Heart Failure: Autoimmune Mechanism in Disease Progression Enables Vaccine Therapy
A study conducted at Humanitas has uncovered that the progression of heart failure is fueled by an autoimmune response targeting stressed heart tissue. Researchers have developed and tested a prototype vaccine that reduces inflammation and alleviates symptoms in a laboratory model of the condition
Non-ischemic heart failure has long been considered a mechanical-metabolic disorder, where the heart muscle, weakened by aging or increased workload from narrowed blood vessels, struggles to pump blood efficiently. However, new research from the IRCCS Humanitas Research Hospital highlights a significant role for an autoimmune response in driving the disease. T lymphocytes, a type of immune cell, recognize stressed heart tissue due to specific stress-induced molecules, infiltrate the heart, and initiate inflammatory processes that compromise its function.
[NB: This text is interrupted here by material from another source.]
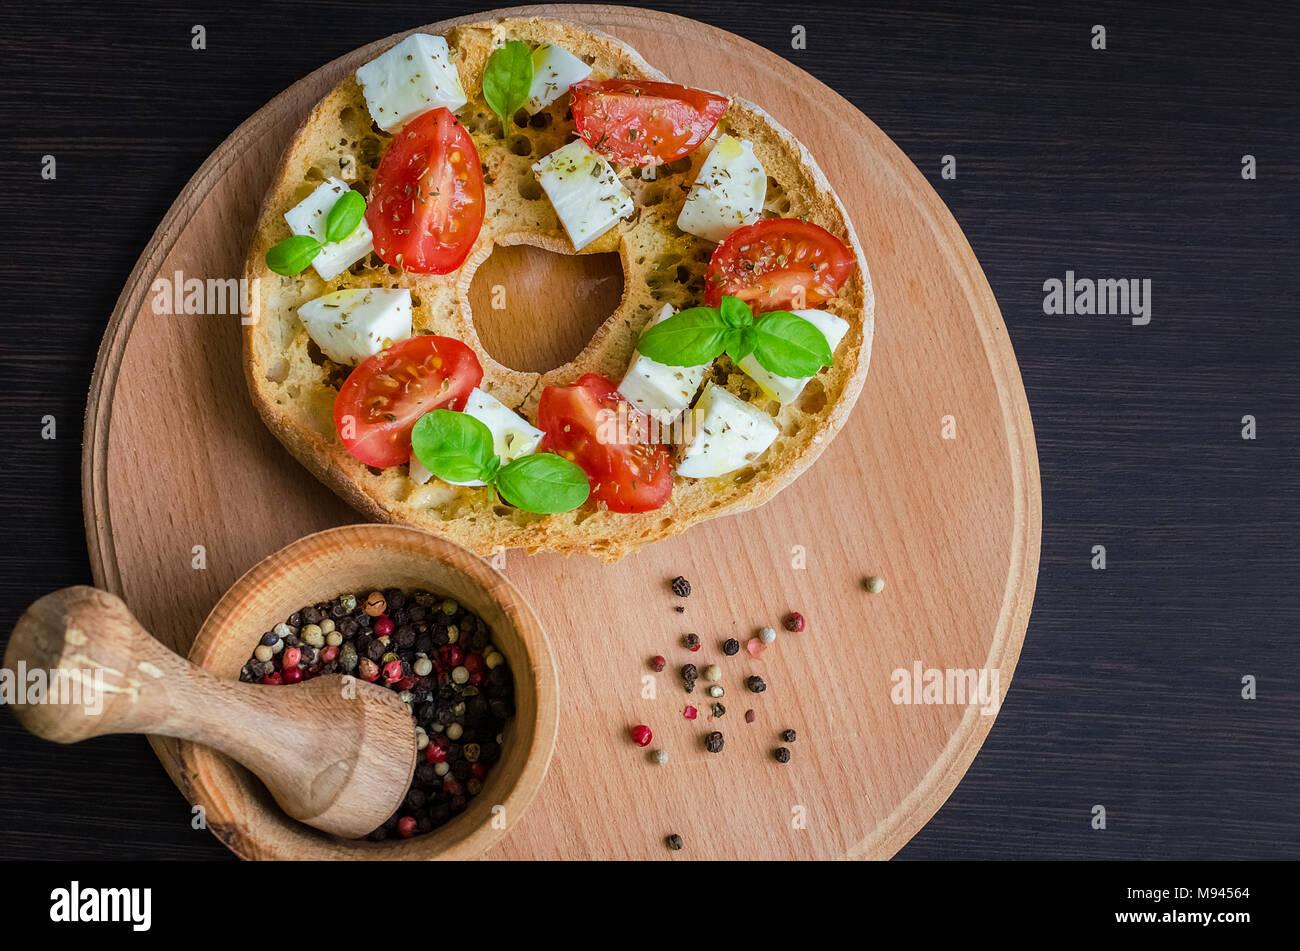 Frisella classica di pomodoro, formaggio mozzarella e basilico. Italiano friselle del motorino di avviamento. Pane secco chiamato freselle sulla tavola di legno. Il cibo italiano. Una sana v Immagini Stock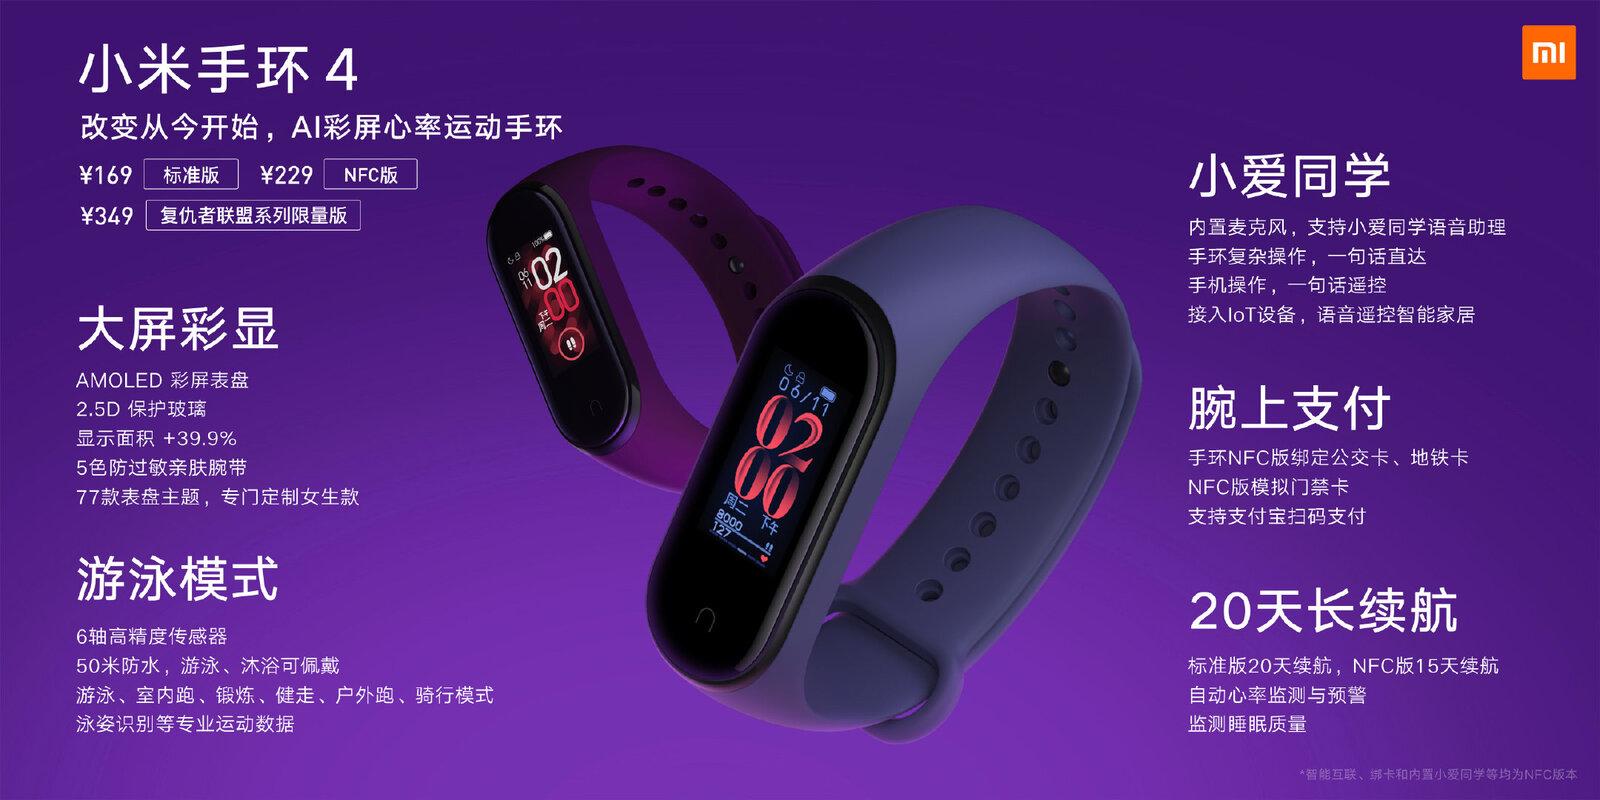 小米手环 4 发布 有彩色 AMOLED 屏幕、20 日备用时间

This discovery opens the door to innovative treatments. Scientists identified key molecules that trigger the autoimmune reaction and used them to create a prototype vaccine. Unlike conventional vaccines that boost immune activity, this “tolerizing” vaccine retrains the immune system to prevent harmful activation. In experimental disease models, the vaccine effectively reduced inflammation and improved heart function.
The study, published in Circulation Research, was led by Marinos Kallikourdis, Associate Professor at Humanitas University and Group Leader of the Adaptive Immunity Laboratory, and Gianluigi Condorelli, Full Professor at Humanitas University, Director of the Cardiology Research Program and Head of the Cardio Center at IRCCS Humanitas Research Hospital.
“For the first time, our work demonstrates that non-ischemic heart failure has a strong autoimmune component. Its progression is driven by the recognition of specific molecules – known as autoantigens – by T lymphocytes. Moreover, such molecules are sufficient to produce symptoms, which can be mitigated by targeting the immune activation mechanism,” explained Kallikourdis and Condorelli. “Although our findings are currently limited to an experimental model of the disease, the next steps involve validating these results in clinical settings and developing safe methods to bring these solutions to patients. It’s a long road, but one worth traveling.”
The Immune System and Its Impact on Heart Failure
Heart failure is a widespread and debilitating condition, affecting around 600,000 people in Italy, including one in ten individuals over the age of 65. In industrialized nations, it remains a leading cause of disability and mortality among the elderly.
Although treatments such as ACE inhibitors, sartans, aldosterone antagonists, and beta-blockers are available, the search for more effective therapies continues to pose a major challenge in modern cardiology. Humanitas is leading the way with groundbreaking research aimed at addressing this critical need.
“Over the last decade, advancements in cardio-immunology have revealed the critical role of inflammation and immune cell recruitment in heart failure progression. Without these processes, the disease would not advance to the severe condition we know today,” noted Prof. Gianluigi Condorelli. “This study, published in Circulation Research, offers new insights: for the first time, we have demonstrated that heart failure have many features of an autoimmune disorder.”
Heart Failure as an Autoimmune Disease
Using novel methods developed at Humanitas to analyze proteins involved in immune processes, scientists studied a laboratory model of heart failure. They identified key molecules produced by the stressed heart that activate pro-inflammatory immune processes.
“In addition to demonstrating in the laboratory that these molecules are sufficient to activate the immune system and impair heart function, we analyzed blood samples from patients with heart failure and detected immune cells capable of recognizing those very molecules: further evidence of their clinical relevance” notes Marco Cremonesi, a researcher at Humanitas and one of the lead authors of the study, alongside Elisa Martini and Arianna Felicetta.
Finally, the team developed and tested a prototype tolerizing vaccine that suppresses – rather than stimulates – the immune response, promoting tolerance to the identified molecules. “These preliminary experiments demonstrate that recognizing heart failure as a disease with strong autoimmune features opens the door to innovative and more effective therapies,” said Marinos Kallikourdis. “The prototype tolerizing vaccine we tested exemplifies how cardio-immunology can revolutionize cardiology by leveraging immunology-based therapies to better treat cardiovascular diseases.”